US stocks ended lower for the third straight session weighed down by disappointing earnings and outlooks from a handful of companies as commodities continued to fall.
The Dow Jones Industrial Average slipped 119.09 points or 0.7% to close at 17,731.2 points. The blue chip index is now negative for the year and trading well below its 200-day average.,
The S&P 500 Index fell by 12 points or 0.6% at 2,105.12 points with all 10 of its key sectors trading lower during the regular session. Utilities and materials were the biggest drags on the benchmark index slipping 1.5%.
The Nasdaq Composite reversed early morning gains to end 25.12 points or 0.5% lower at 5,146.41 points.

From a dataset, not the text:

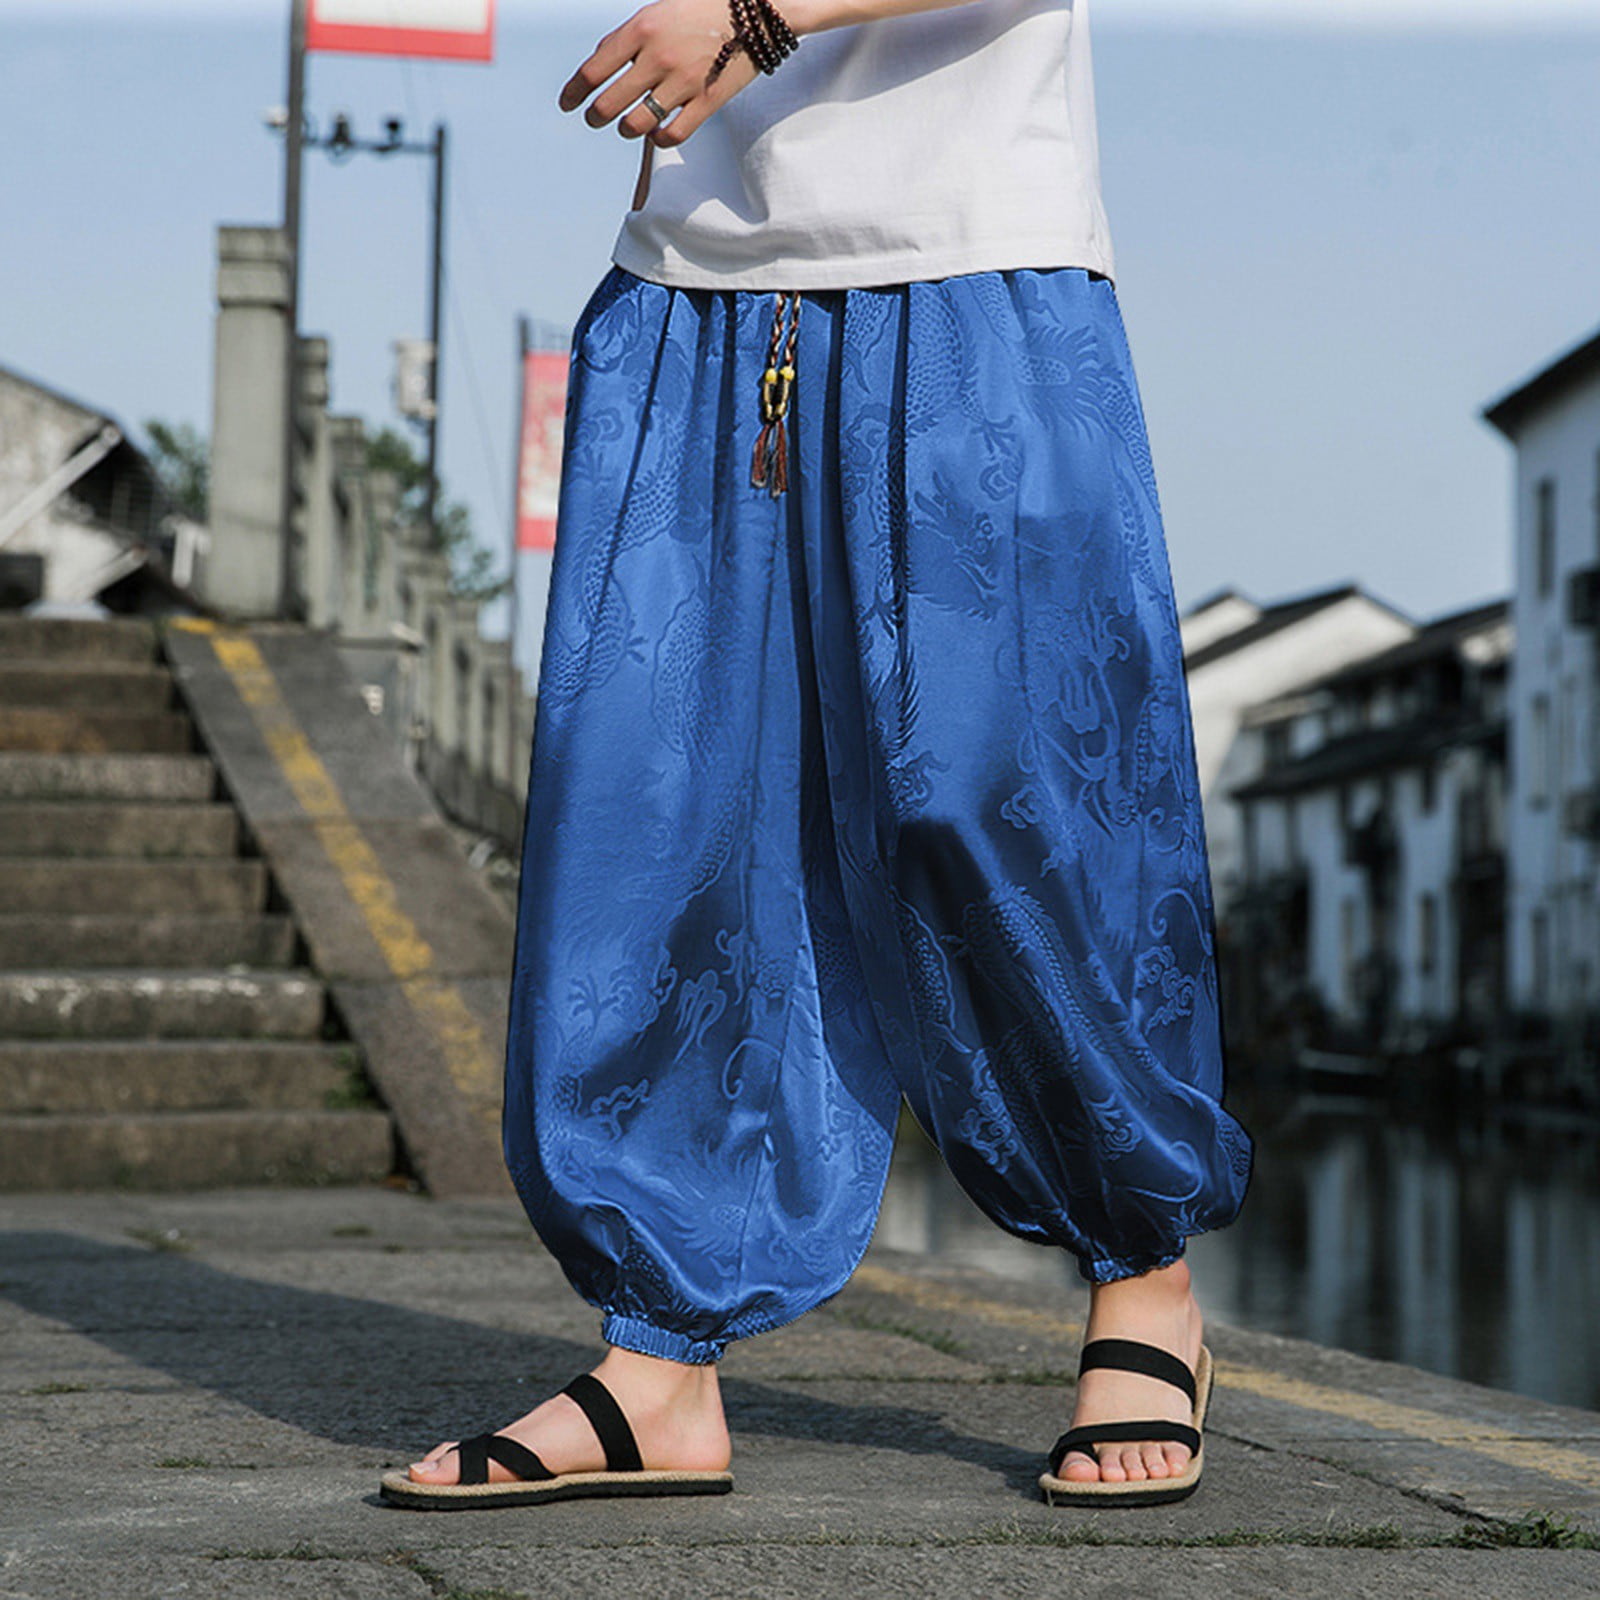 Men's Blue Trousers | Chinos & Jeans Styles | Next

“Investors have been somewhat surprised at how unimpressive earnings have been considering where the stock market is,” Jeff Sica, who oversees over $1.5 billion as president and chief executive officer of Circle Squared Alternative Investments in Morristown, New Jersey, told Bloomberg.
“Earnings have not proven to be the catalyst they’ve looked for. Investors are just very tentative.”

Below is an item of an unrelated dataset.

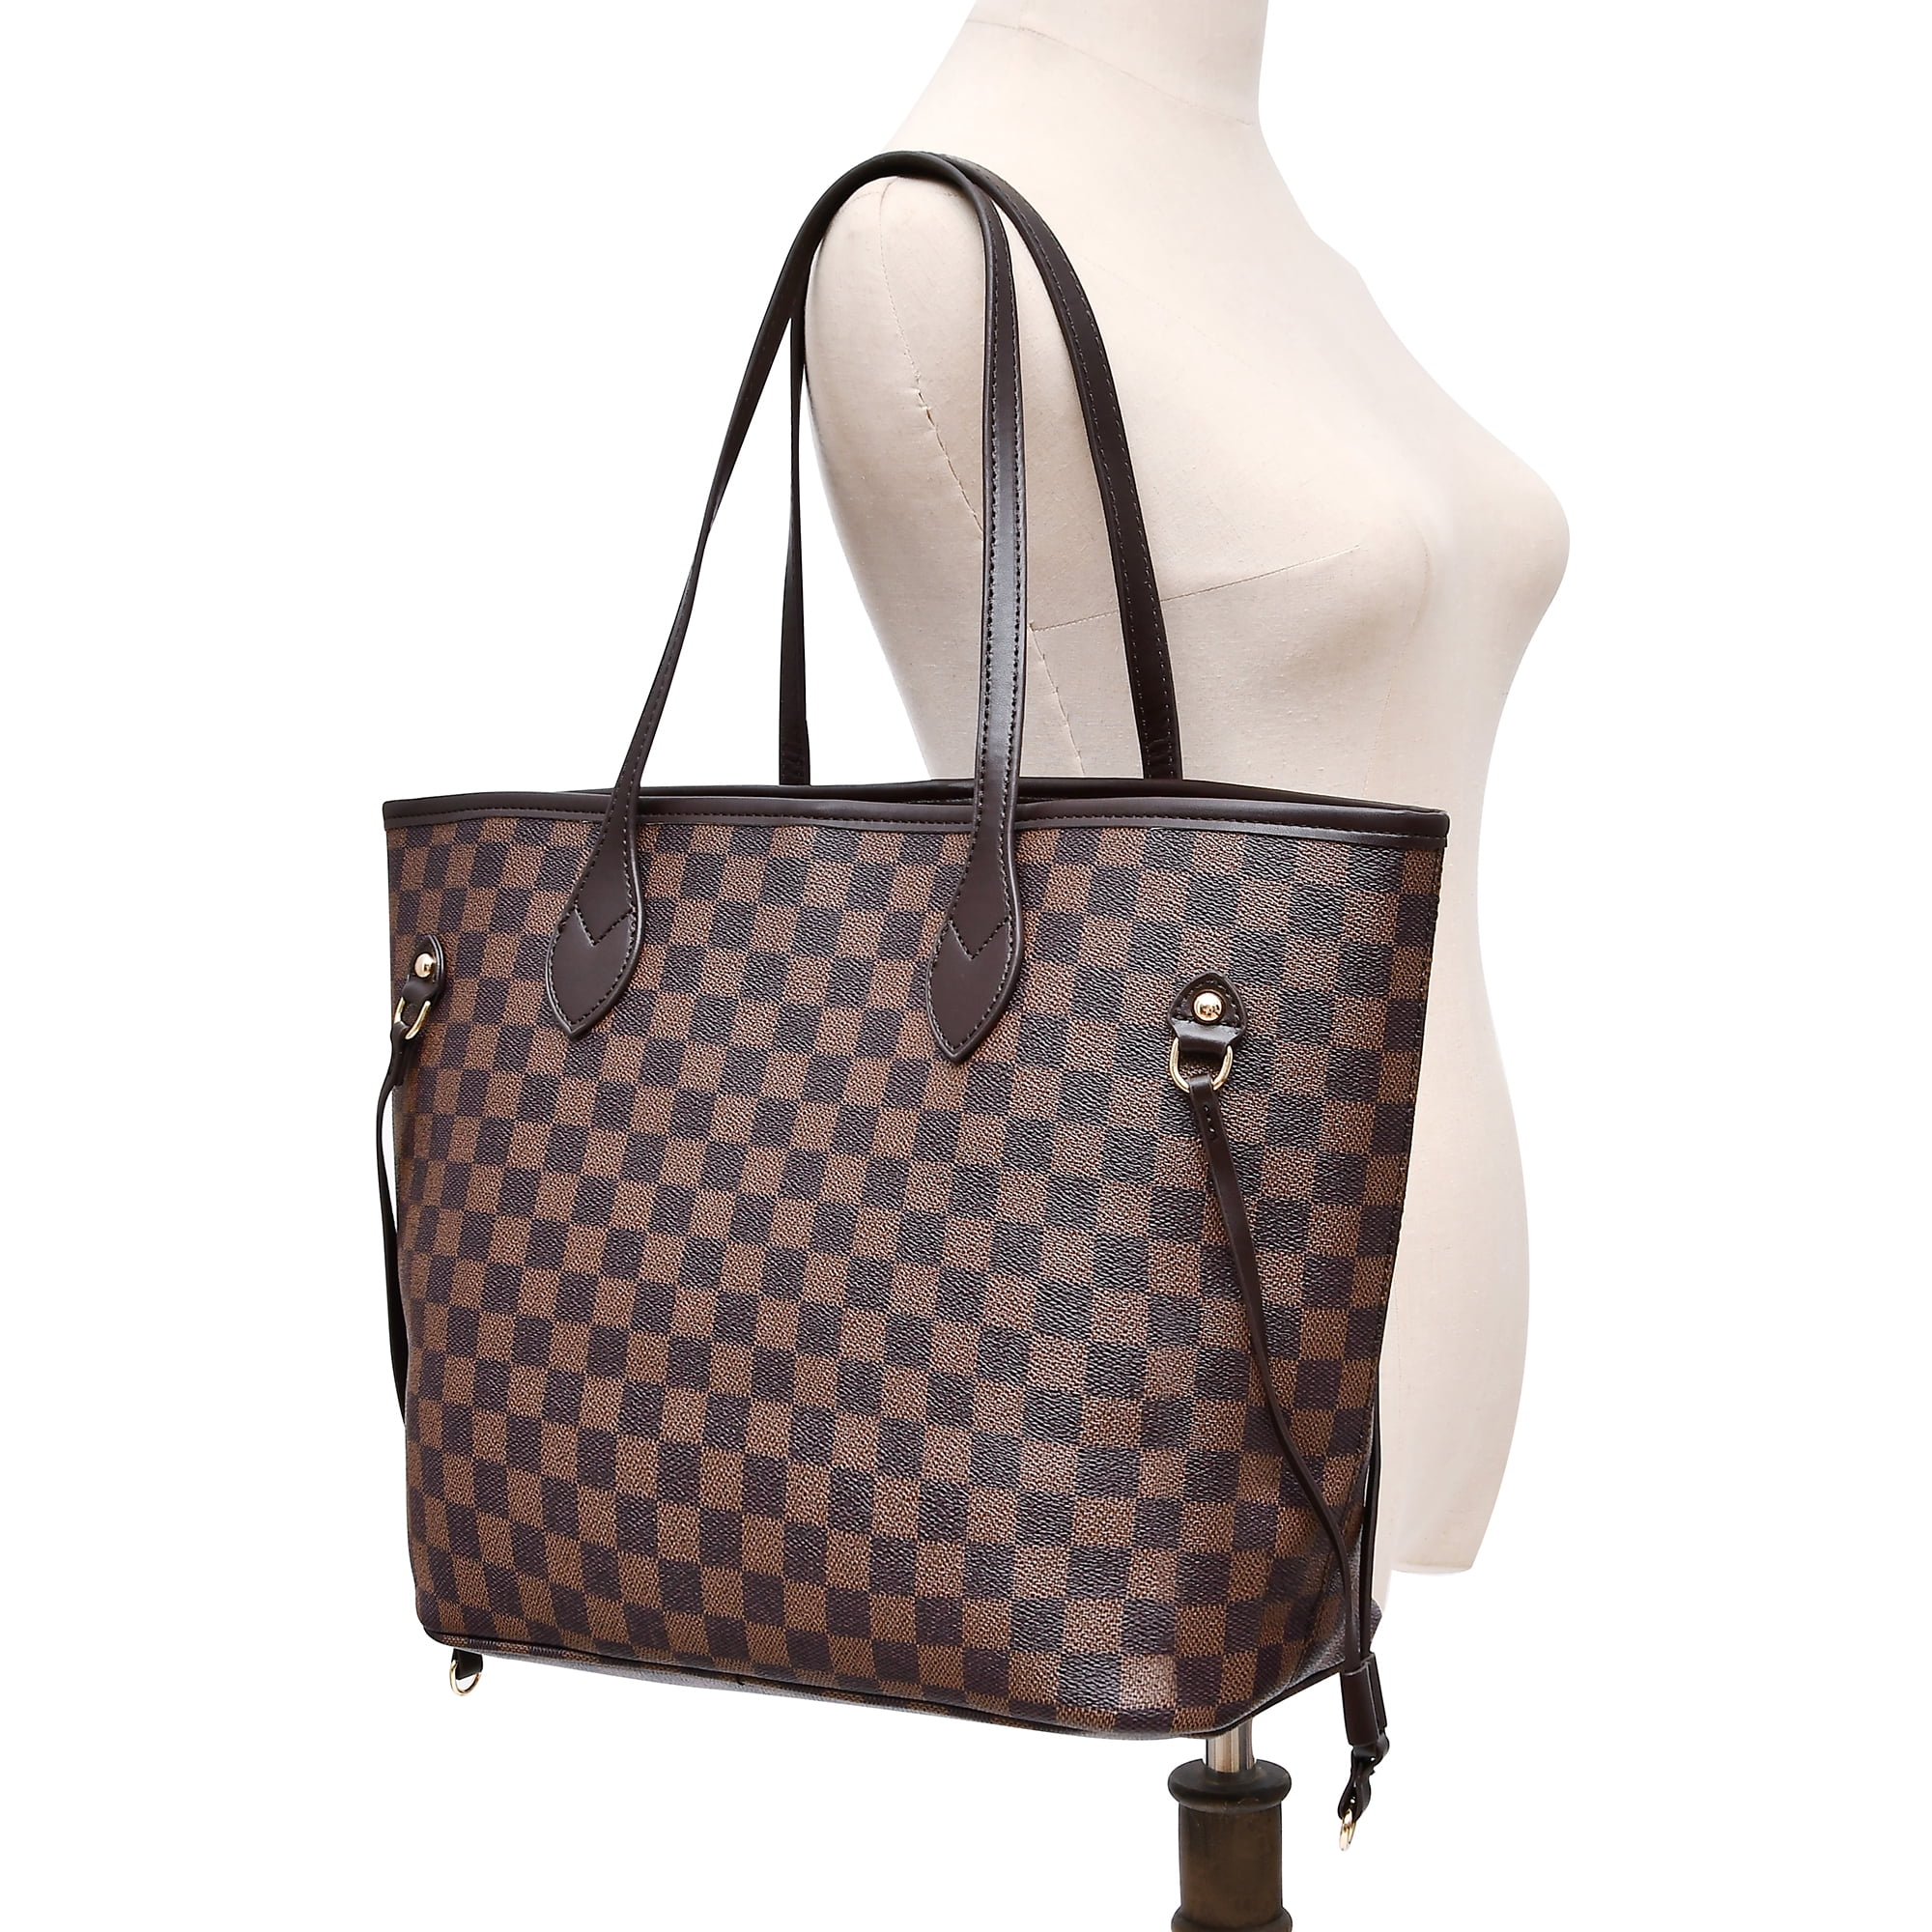 LOUIS VUITTON Women's Neverfull Leather in Cream

Caterpillar Inc, the world’s biggest construction company, fell 3.6% to trade at $76.88 a share, their lowest share price in more than four years, after reporting a decline in sales in its major markets.
Caterpillar reported that its quarterly sales decline by a more than expected 13% for the three months ending June 31 knocking off more than 19 points off the Dow Jones and leading the broad industrials sector lower.
Also weighing tocks down were disappointing results manufacturer 3M Co and multinational financial services provider American Express.
American Express traded down 2.5% at $77 a share after its quarterly revenue missed expectations while manufacturer 3M Co was down 3.8% at $149.40 a share after tempering its sales outlook for the year.
“The initial take on big earnings reports has been lukewarm at best,” Bruce Zaro, chief technical strategist at Bolton Global Asset Management in Boston, told Reuters.
“The strong dollar certainly has been mentioned a lot, and I think there are still questions about demand in the economy and what would translate into revenue growth for most reporting companies.”